I think the cooperation necessary would be for the "big guys" to not have a vested interest in selling out privacy, which has been the prevailing business model for a long time. And, since the big guys only listen to their bottom line, that means not using them until they support privacy. It may mean not using the Internet substantially at all. (It's more than a little ironic to be saying this on the preeminent "business hacker" (or "startup") community, which has a visible subset who sympathize with some of the NSA's programs, or at least have been able to rationalize them...)

As you say, the tools have always been there, but no one uses them. That might be because it's a chicken-or-egg problem. At the same time, it might be because the people in the positions to develop and promote the tools, even if only for their own use, are being prevented by a one-track culture that encourages them to sell out their client's privacy in addition to discouraging them from working on projects like Tor. (Again, the HN forum is an example of that conflict - being a largely business-oriented forum; surveillance technology sells... Even DuckDuckGo, a favorite startup in this community, has filters to protect us.) Rather than peer-to-peer solutions like Gnutella, Gnunet, Tor, and even open wireless, people continue to make websites with JavaScript encryption, despite the proven MITM threat.

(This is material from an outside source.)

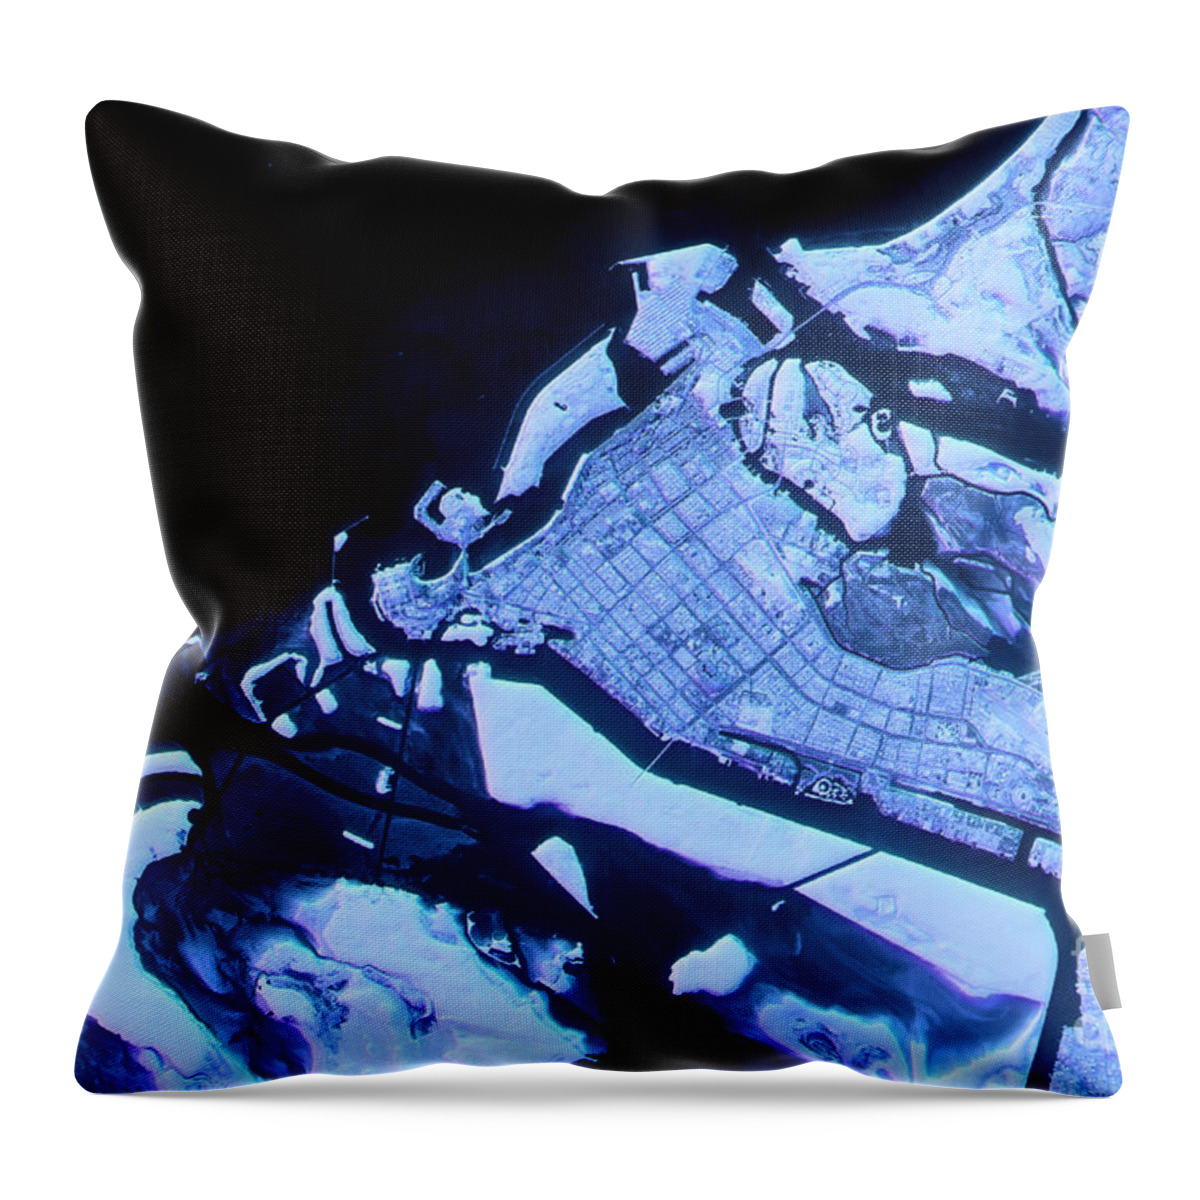 Abu Dhabi Throw Pillow featuring the digital art Abu Dhabi Abstract City Map Satellite Image Blue Detail by Frank Ramspott

I don't think JavaScript and CSS will get us out of this, but if this latest revelation doesn't wake people up in the tech community specifically, nothing will, since BoingBoing readership is a large number of them - which to me means that the tech and programmer categories are themselves a primary focus of the surveillance that some highly-respected tech pundits (and HN forum members) have defended and rationalized as only being used for terrorists and perverts. That definition now includes anyone with enough knowledge to build or use strong privacy tools. The definition now includes everyone on this forum.


"No one" uses it because it is too complicated for "every one".